O papel da Unidade de Vigilância em Zoonoses (UVZ) na integração da saúde com o meio ambiente

Histórico
O Centro de Controle de Zoonoses (CCZ) foi conceitualmente uma unidade vinculada à Secretaria Municipal de Saúde para o controle da raiva em vários municípios brasileiros nas décadas de 1970 e 1980, quando a doença era um grave problema de saúde pública (Figura 1) 1. Embora municipal, a estrutura e as ações do CCZ seguiam o recém-criado Programa Nacional de Profilaxia da Ravia (1973), elencado como um dos programas prioritários da política de saúde no Brasil. Esse programa previa a realização de atividades sistemáticas para combater a raiva humana tais como tratamento preventivo, diagnóstico laboratorial e vigilância epidemiológica, educação em saúde, vacinação canina e captura de cães 2.
Dentro do cenário da época, a principal forma de controle da raiva era o controle da circulação do vírus rábico em populações de animais domésticos, principalmente em cães. Tanto a vacinação quanto a captura e eutanásia de animais errantes eram caracterizados como medidas fundamentais por recomendação do 6º Informe Técnico da Organização Mundial de Saúde, publicado também em 1973 3. Dessa forma, durante quase duas décadas os CCZs realizaram a captura indiscriminada e a eutanásia sumária de cães em todo o território nacional, principalmente em áreas endêmicas para a raiva canina e humana.
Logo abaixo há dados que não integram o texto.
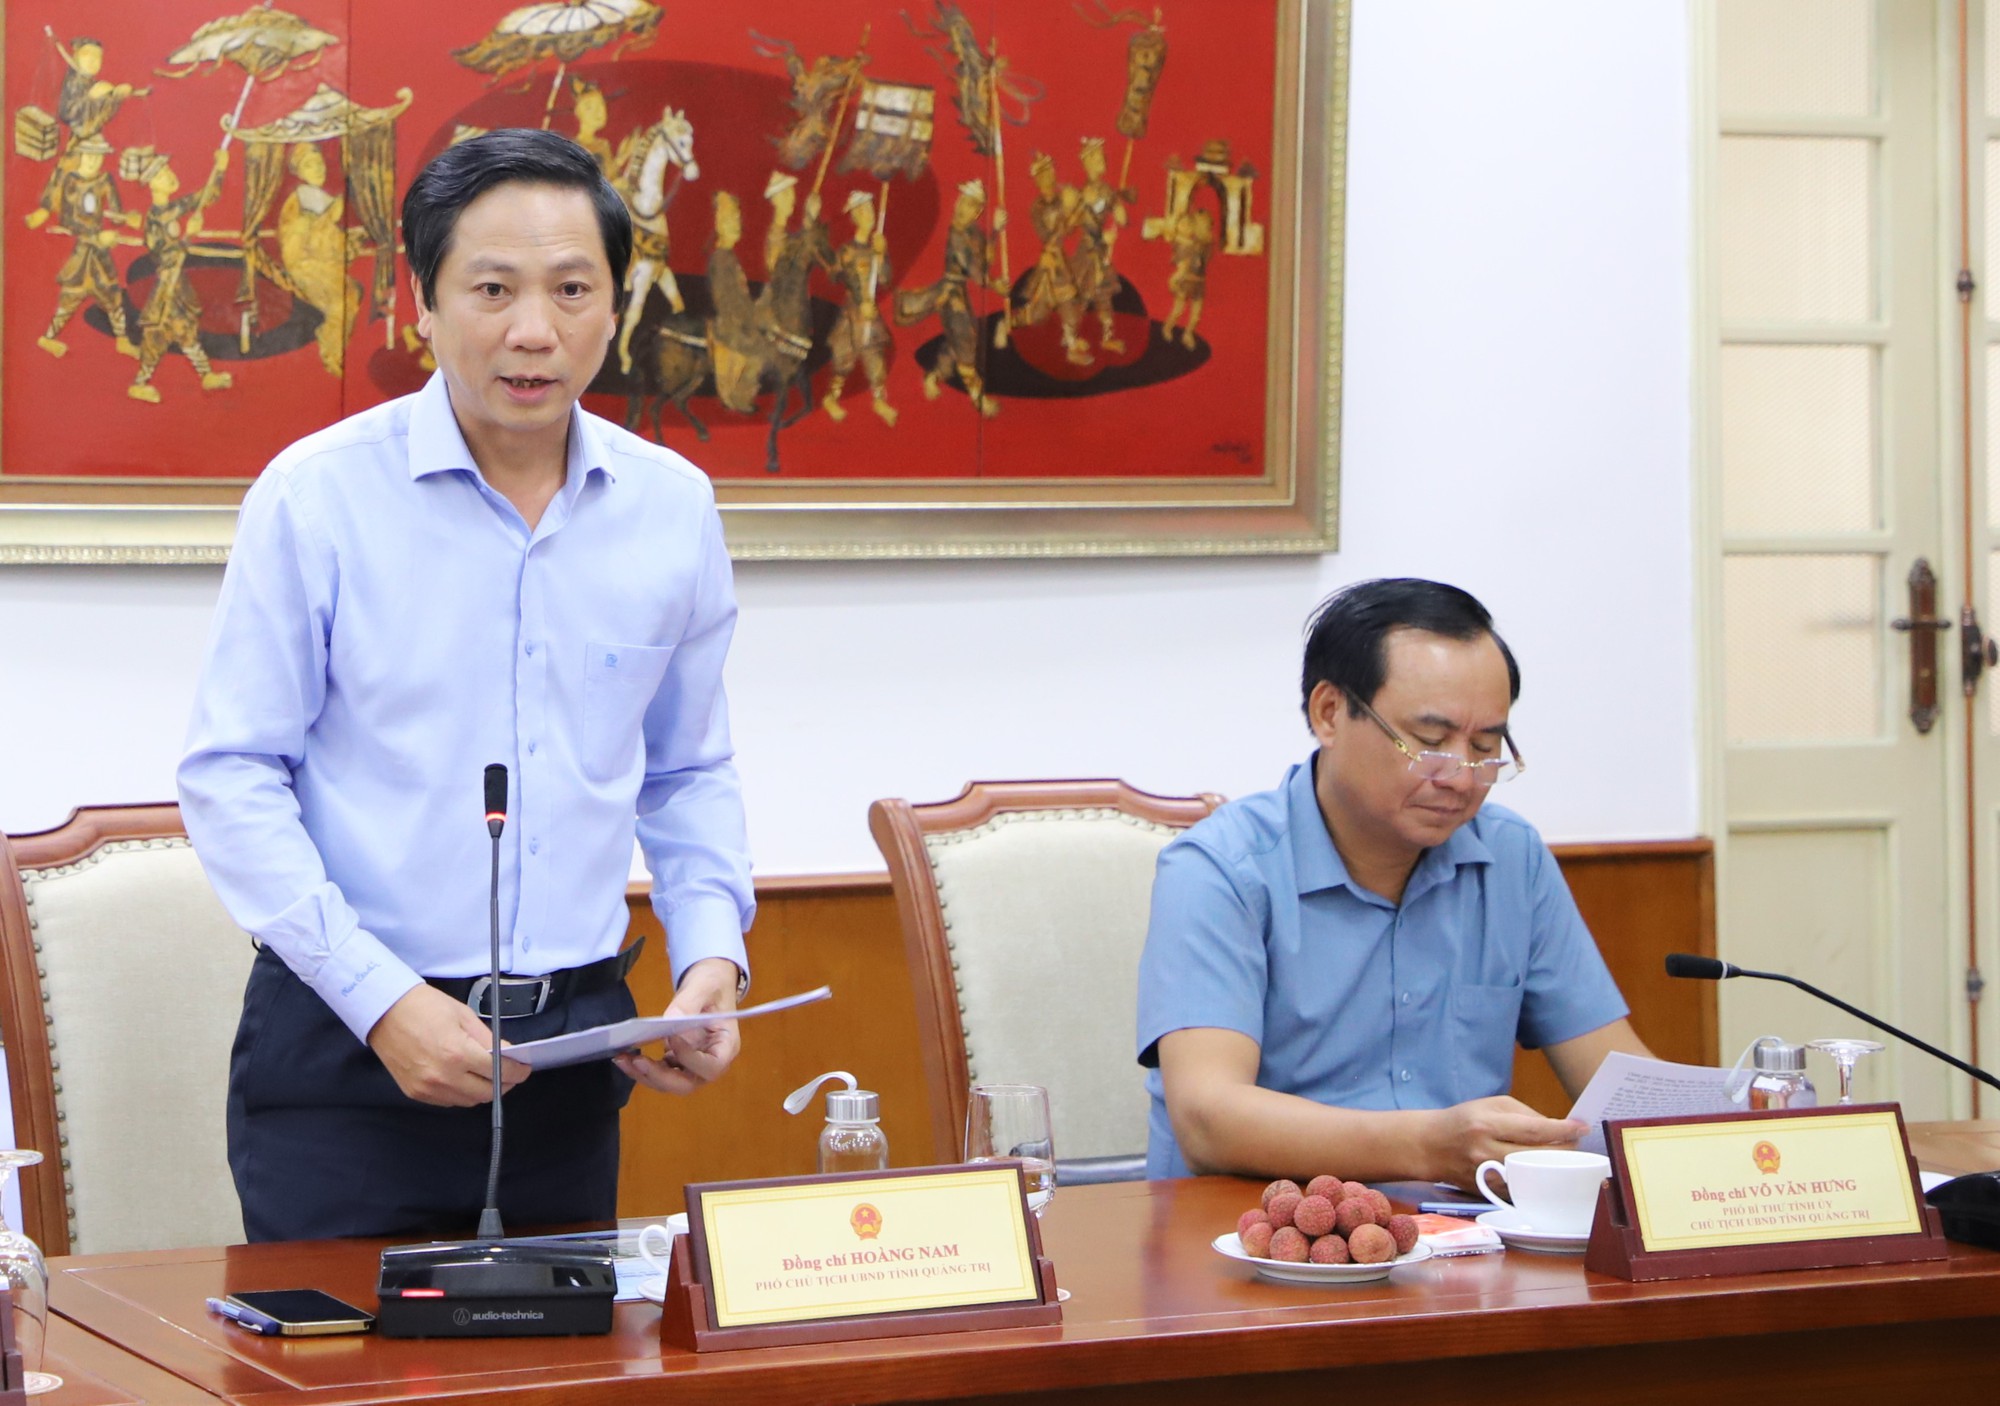 Bộ trưởng Nguyễn Văn Hùng: Nhân lên sức mạnh từ văn hóa và bằng văn hóa để phát triển tỉnh Quảng Trị - Ảnh 2.

A Organização Mundial de Saúde (OMS) e a Sociedade Mundial de Proteção aos Animais (WSPA) publicaram em 1990 o Guia para Manejo de População Canina (Guidelines for Dog Population Management), onde ficou provado que a captura e a eutanásia de animais não se mostraram eficazes pois não atuavam na raiz do problema, ou seja, a falta de guarda responsável por parte dos tutores, levando ao excesso de nascimentos e ao grande número de cães nas ruas 3. Por outro lado, nessa época, não havia recursos da saúde disponíveis para subsidiar uma estratégia eficaz na educação em guarda responsável e no controle da natalidade por esterilização cirúrgica.
Embora a realidade social fosse completamente outra, se tais ações tivessem sido implantadas de forma continuada desde então, passados 25 anos talvez o problema estivesse sob controle ou até mesmo resolvido. Além disso, os CCZs foram historicamente conhecidos (estigmatizados) e concebidos para serem “canis municipais” e não como órgãos de vigilância e controle de zoonoses per si.
Pouco tempo depois, em 1992, a OMS publicou o 8º Relatório do Comitê de Especialistas em Raiva, mostrando que não havia provas de que o extermínio em massa de cães tinha impacto significativo na densidade populacional ou no controle da raiva 3. A partir de então, alguns CCZs passaram a responder processos civis e penais, inclusive do Ministério Público, devido às eutanásias de filhotes e cães adultos sadios, que eram realizadas sem respaldo legal e sem justificativa de riscos à saúde animal e/ou à saúde pública 4. Seis anos depois, no artigo 32 da Lei Federal n. 9.605/1998 5, esse ato foi enquadrado como crime contra a fauna, com sanções penais e administrativas derivadas de condutas e atividades lesivas ao meio ambiente.
Dessa forma, os CCZs iniciaram gradativamente um processo de reestruturação dos seus serviços, com o foco na vigilância e no monitoramento das diversas zoonoses, e não mais somente no recolhimento de cães. Os CCZs passaram a assumir o papel de unidades de saúde pública cujo objetivo era desenvolver ações de vigilância de zoonoses, investigações eco-epidemiológicas e monitoramento de doenças transmitidas por vetores. Suas atividades primordiais contemplaram ainda o controle de vetores (principalmente da dengue), de animais sinantrópicos e de animais potencialmente hospedeiros ou reservatórios de doenças 6.
Em 2002, a Fundação Nacional de Saúde (Funasa) publicou a Portaria 52/2002 (reeditada em 2003 e 2007) com um Guia de Projetos Físicos de Unidades de Controle de Zoonoses e Fatores Biológicos de Risco contendo diretrizes para os objetivos gerais e específicos, a classificação do CCZ (incluindo canil municipal para cidades com população de até 15.000 habitantes), sua estrutura física mínima e usos das instalações 6.
Finalmente, em 2014, a Portaria 1.138/2014 do Ministério da Saúde (MS) redefiniu as principais ações e os serviços de saúde voltados para a vigilância, prevenção e controle de zoonoses, incluindo a recomendação de adotar medidas de biossegurança visando diminuir ou impedir o risco de transmissão de zoonoses e de acidentes com animais peçonhentos e venenosos; realizar necropsias para coleta de amostras e investigação de animais suspeitos de zoonoses; realizar eutanásia de animais em casos indicados; e ainda desenvolver e executar estratégias e ações relacionadas a animais de importância para a saúde pública 7.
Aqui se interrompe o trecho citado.